McMillan’s trial has gained national and international attention. Members of the Russian insurgent rock band Pussy Riot recently visited her in prison and a letter-writing campaign has garnered close to 170,000 signatures worldwide.

While the verdict was being read, scores of supporters gathered across the street from the courthouse, where they sang “We Shall not Be Moved.”

They were joined after the decision by Councilmember Ydanis Rodriguez, who was arrested during the Occupy protests, and was among a handful of councilmembers calling for leniency for McMillan on the steps of City Hall last week. He said he was “pleased” with her sentence.

McMillan’s trial, he said, symbolizes attempts by the state to chill free speech and deter nascent activists from getting involved in social justice issues.

Rodriguez called for changes in how the police department can with such ease be allowed to charge protesters with assault on a police officer. He noted, to raucous cheers, that “not one police officer has been found guilty of assaulting a member of Occupy Wall Street.”

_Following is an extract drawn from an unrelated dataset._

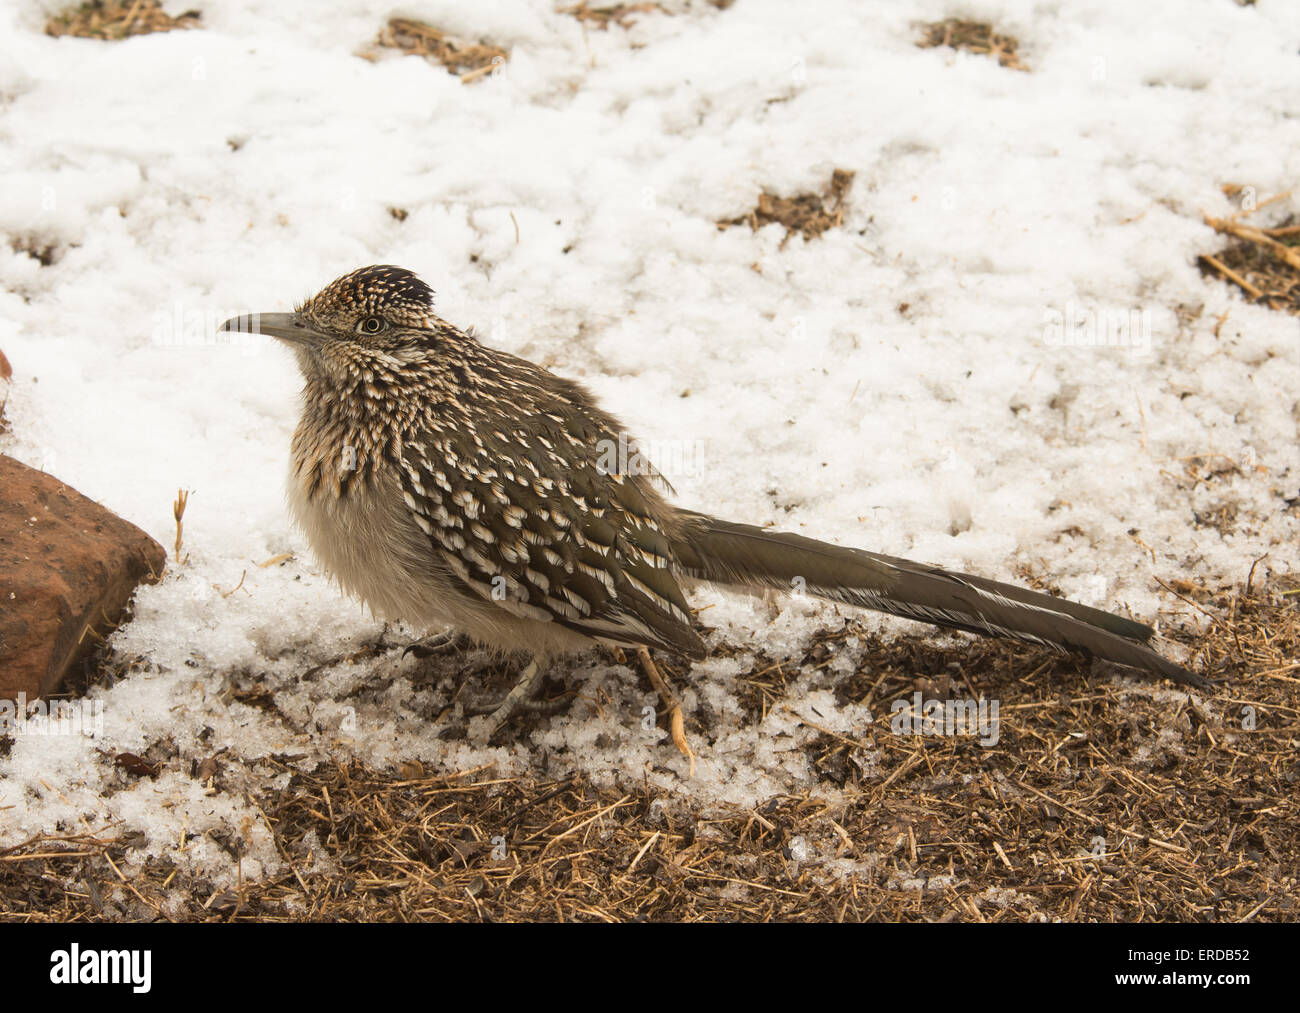 Greater Roadrunner waiting for prey on the edge of a snowy patch Stock Photo

Stolar reminded the crowd that Manhattan District Attorney Cy Vance, Jr. is an elected official and that voters could register their displeasure with the verdict at the ballot box. He said that while Mayor de Blasio was in no legal position to intervene, a letter of support “would have been appreciated.”

McMillan’s “surrogate mother,” L Nyrobi Moss, said that while McMillan was somewhat prepared for the verdict, she was also shocked that she would be returning to Rikers Island.

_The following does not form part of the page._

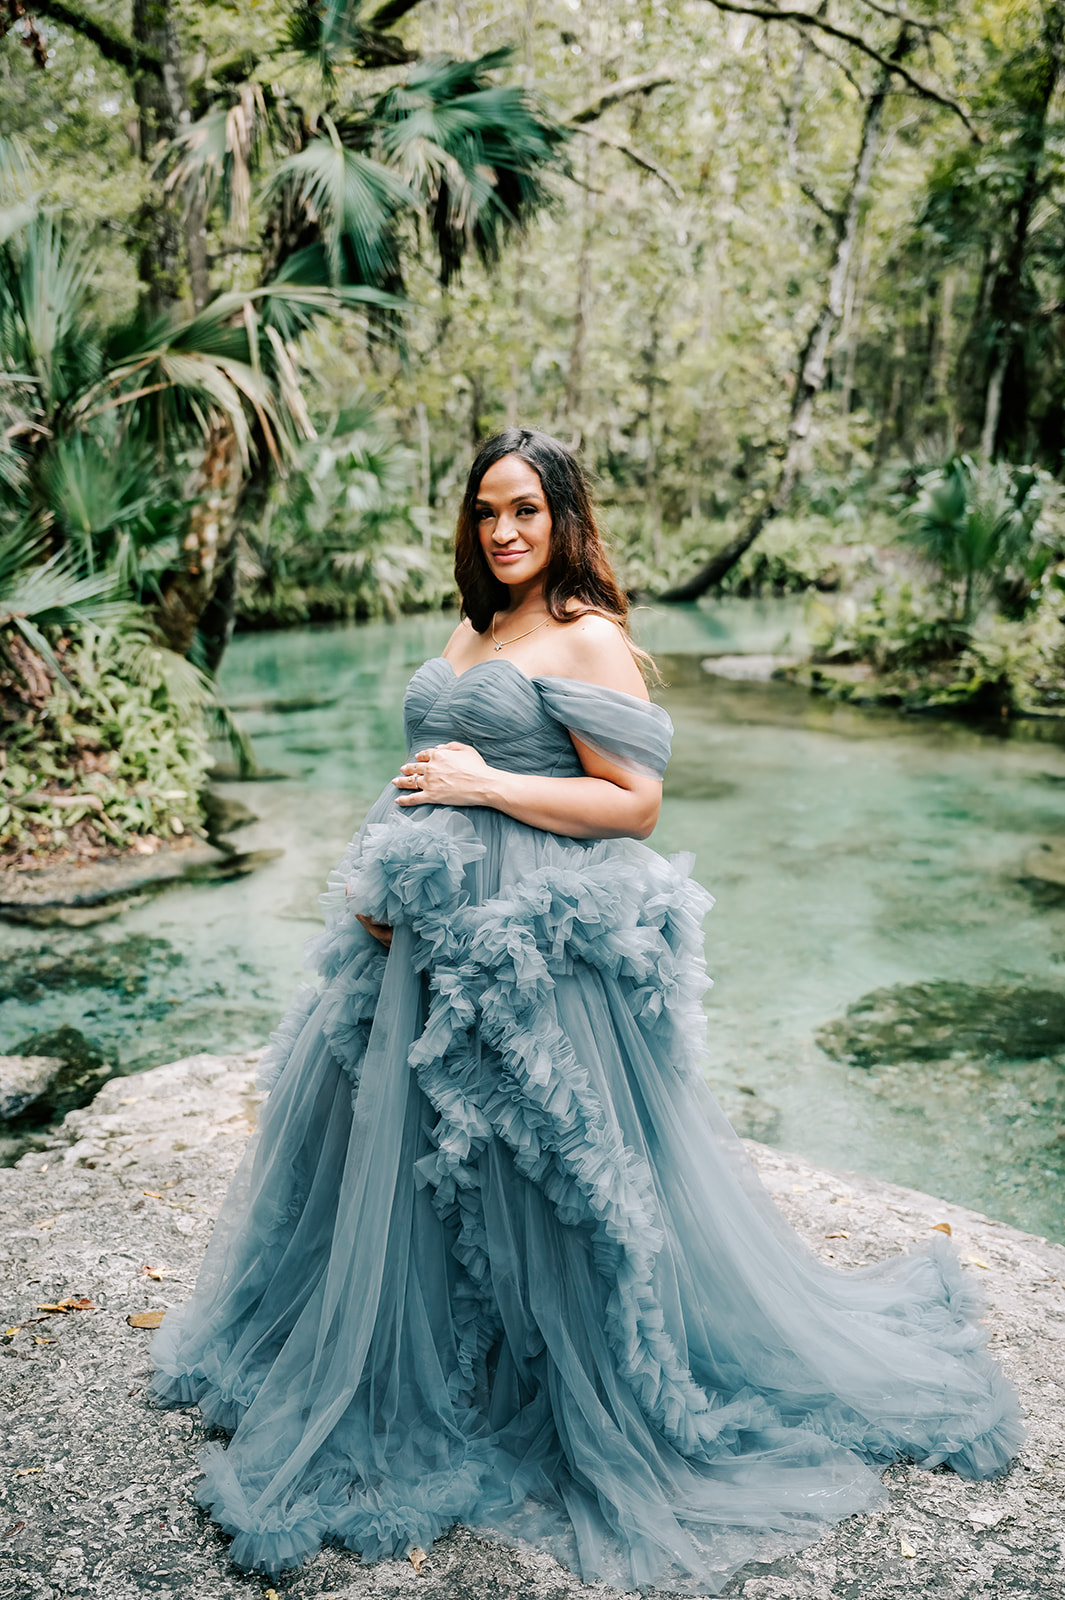 A mom to be in a long flowing tule maternity gown stands on a rock by a flowing clear river after visiting Moonshadow Medical Massage

When asked what members of Occupy Wall Street can do now post-sentencing, Stolar said, “Point out that income inequality in this country is a hallmark of a lot of other social and economic problems that we have. That’s what Occupy Wall Street did and will continue to do.”

That goes for McMillan, too, he said, “because that’s who she is — political to the core.”

Erin Duggan Kramer, deputy chief of staff for the Manhattan District Attorney’s Office, issued the following statement:

“The District Attorney’s Office will always uphold the right to freedom of speech and the right to peaceably assemble. These constitutional protections are bedrocks of our personal liberties, the passionate exercise of which is deeply entrenched in our city’s culture. We also have a duty to uphold the law when someone’s action crosses the line between a protected freedom and a crime against another. An unprecedented amount of time and care has been given to the mass arrest cases that arose during the Occupy Wall Street movement. More than 2,600 cases came into the D.A.’s Office — from violations to felonies — and each case was individually reviewed to ensure that only those whose actions provably violated the law were charged. Great leniency was offered first-time, nonviolent offenders and the overwhelming number of cases were justly resolved with adjudications in contemplation of dismissal, in which charges are dismissed and sealed from a defendant’s record after six months. This defendant chose to take her case to trial, and was convicted by a jury of her peers for a violent felony.”